Хоули помрачнел лицом.

– Вы создаете слишком много проблем, чтобы имело смысл оставлять вас в живых.

Амелия замерла от ужаса. Она, хотя и не слышала, о чем говорят в доме, о намерениях Хоули догадывалась. Чего она не могла понять, так это того, почему Нилс так странно себя ведет. Она много раз видела, как дерутся мужчины. Конечно, борьба эта происходила на специальных тренировочных площадках во время импровизированных соревнований, которые так любили ее братья, но ведь настоящая драка не может быть настолько не похожей на тренировочный бой, не так ли?

Хоули сделал выпад. Амелия зажала рот рукой.

Нилс легко уклонился, чуть нагнулся и разогнулся уже с ножом в руке. Откуда он у него взялся? Но, слава Богу, нож у него был, и...

Хоули снова напал на него. Он мог бы сделать Нилсу большую услугу и напороться на подставленный нож, если бы не увидел его в самый последний момент.

– Значит, вы не такой уж глупец, Вулфсон?
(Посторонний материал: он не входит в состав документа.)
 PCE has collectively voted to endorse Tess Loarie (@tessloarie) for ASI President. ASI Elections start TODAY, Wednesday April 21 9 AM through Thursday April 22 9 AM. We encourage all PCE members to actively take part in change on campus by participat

– Вообще-то нет. Ну, в чем же дело?

Они ходили кругами, оценивая шансы друг друга. Хоули по спирали приближался к Нилсу, рука жадно сжимала рукоять ножа. Еще один выпад, и нож проскользнул в нескольких дюймах от груди Нилса.

Амелия больше не могла этого вынести. Она распахнула дверь и неслышно вошла в комнату. Она должна быть рядом с Нилсом в этот ужасный момент. Она стояла очень тихо, чтобы не отвлекать его.
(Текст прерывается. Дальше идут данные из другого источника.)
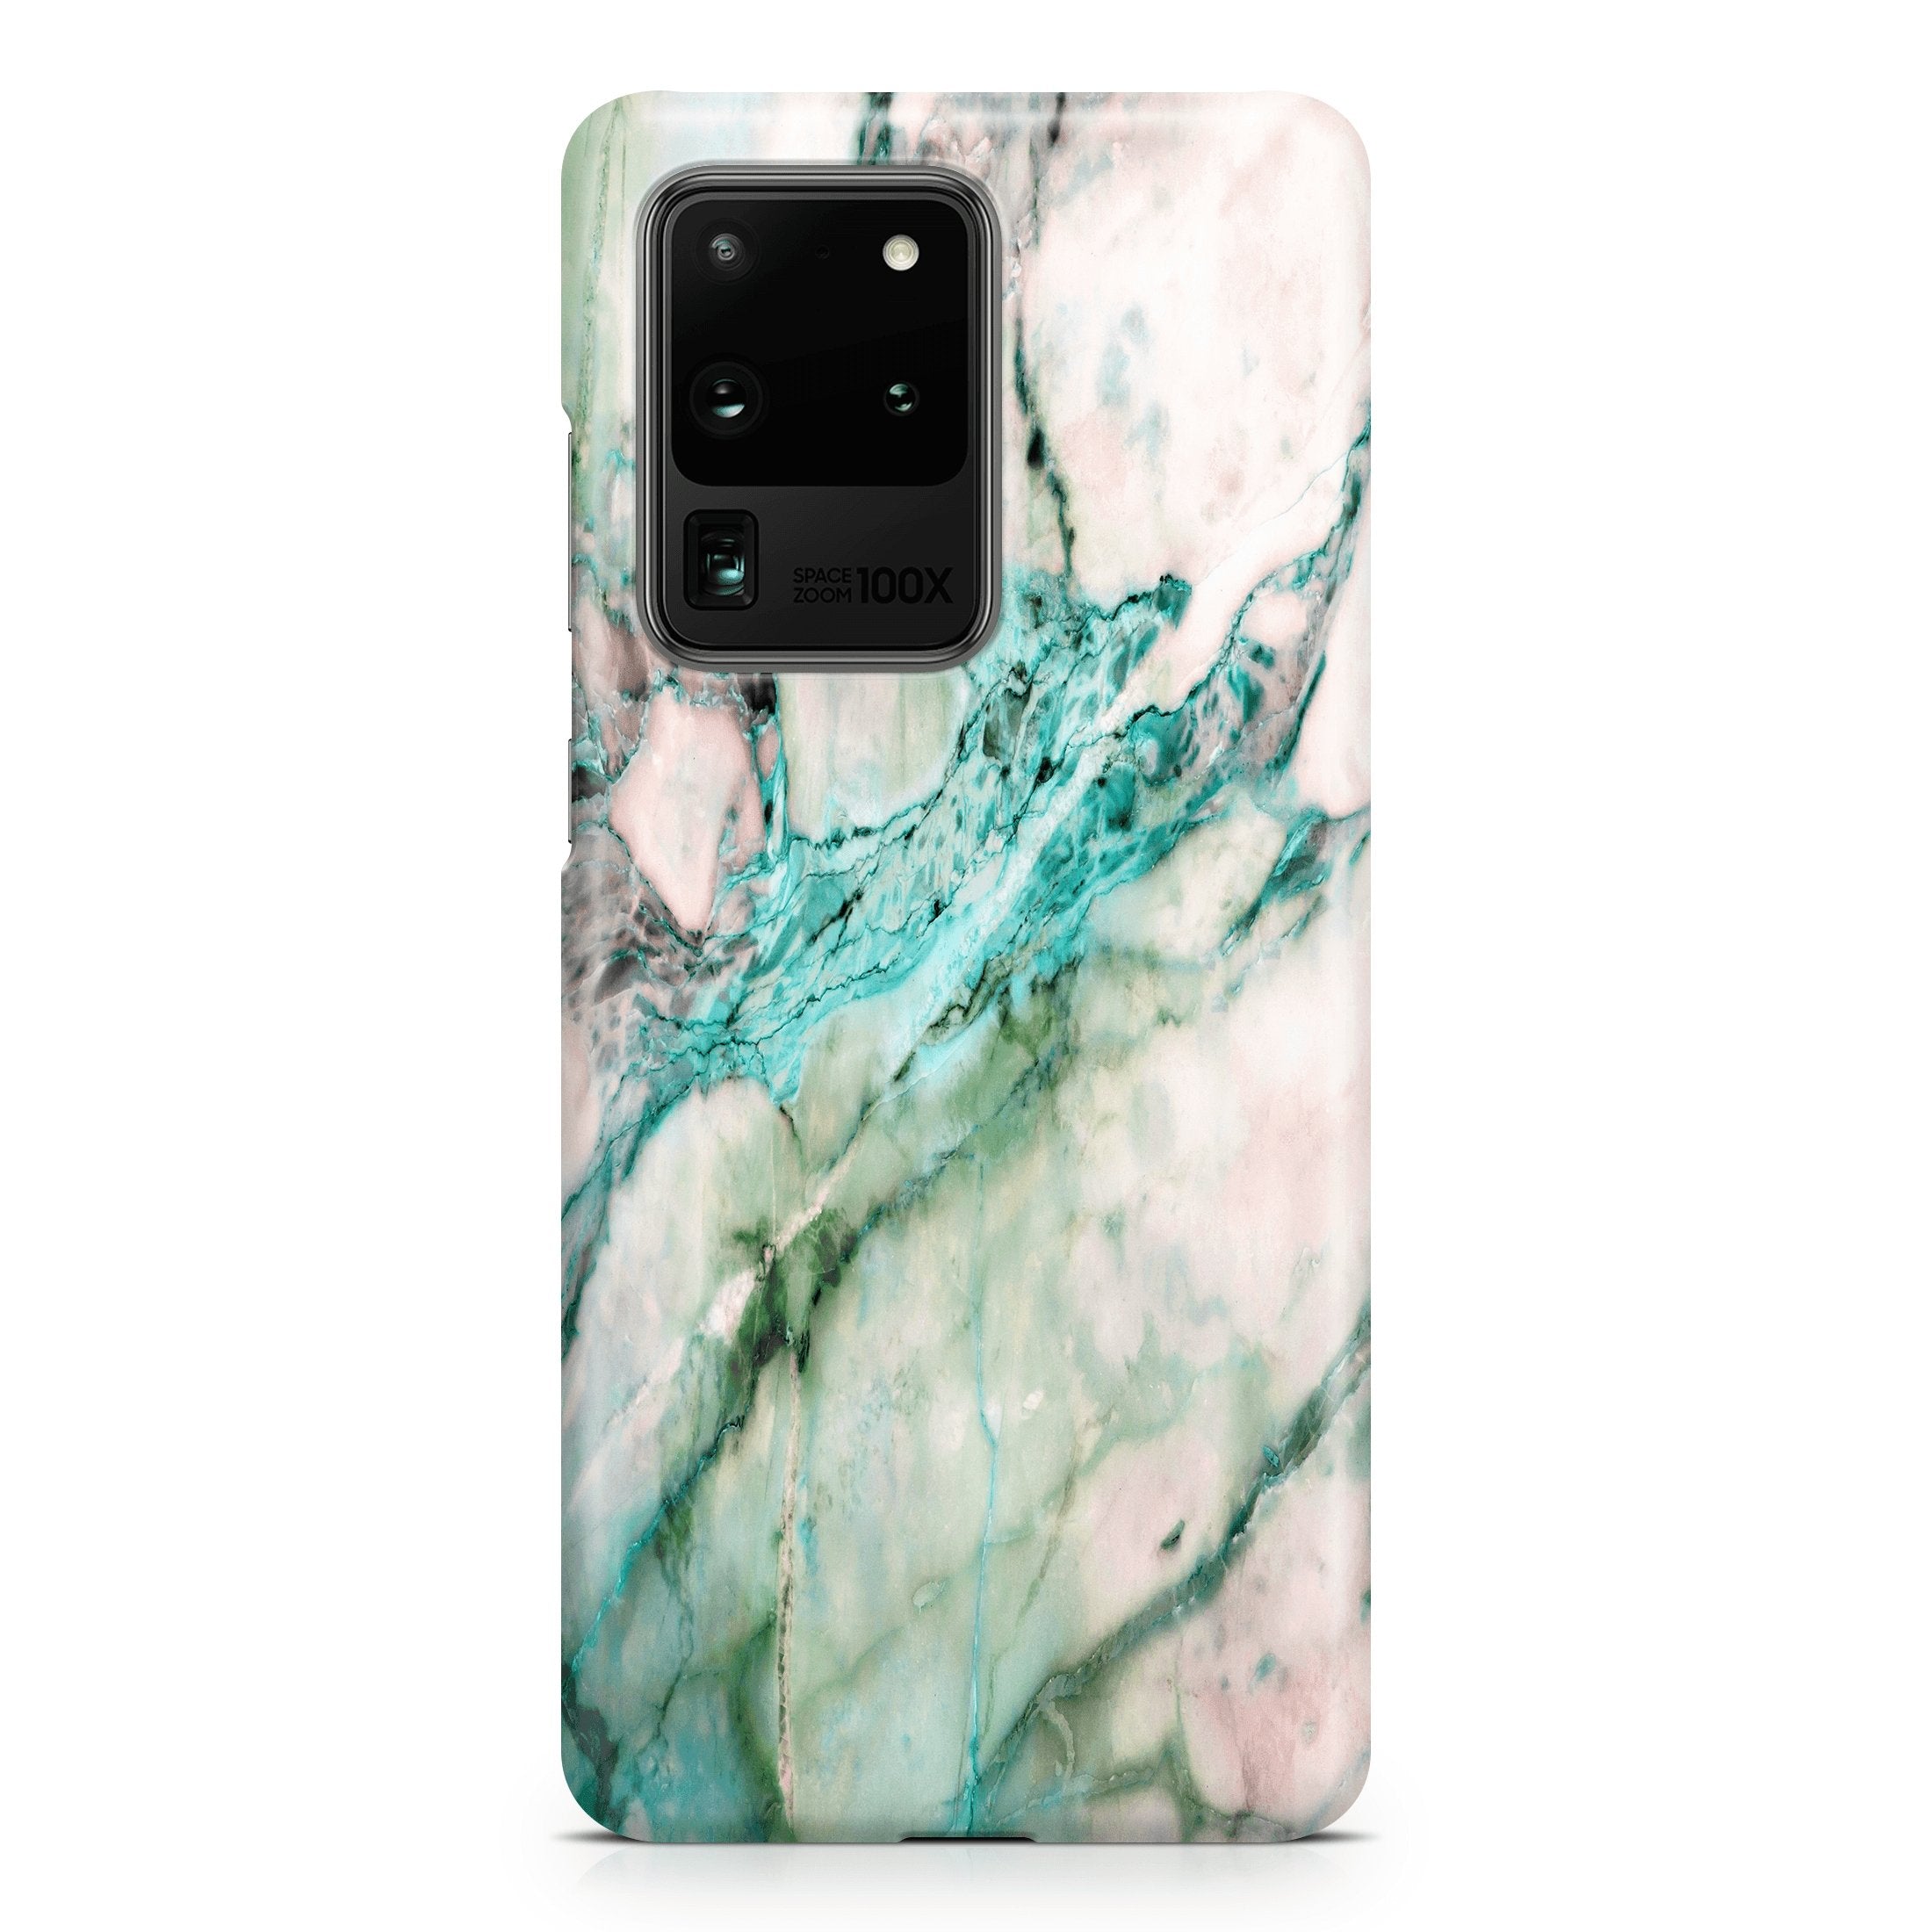 Turquoise Marble - Samsung

– Где вы учились драться, Вулфсон? – громко и требовательно спросил Хоули. – В пьяных потасовках? Я видел, как цыганский барон выпустил противнику кишки, и потом попросил его научить меня драться так, как умеет он.

И снова Хоули пошел в атаку, и вновь Нилс увернулся.

– Вы мне не соперник, американец, так что прощайтесь с жизнью.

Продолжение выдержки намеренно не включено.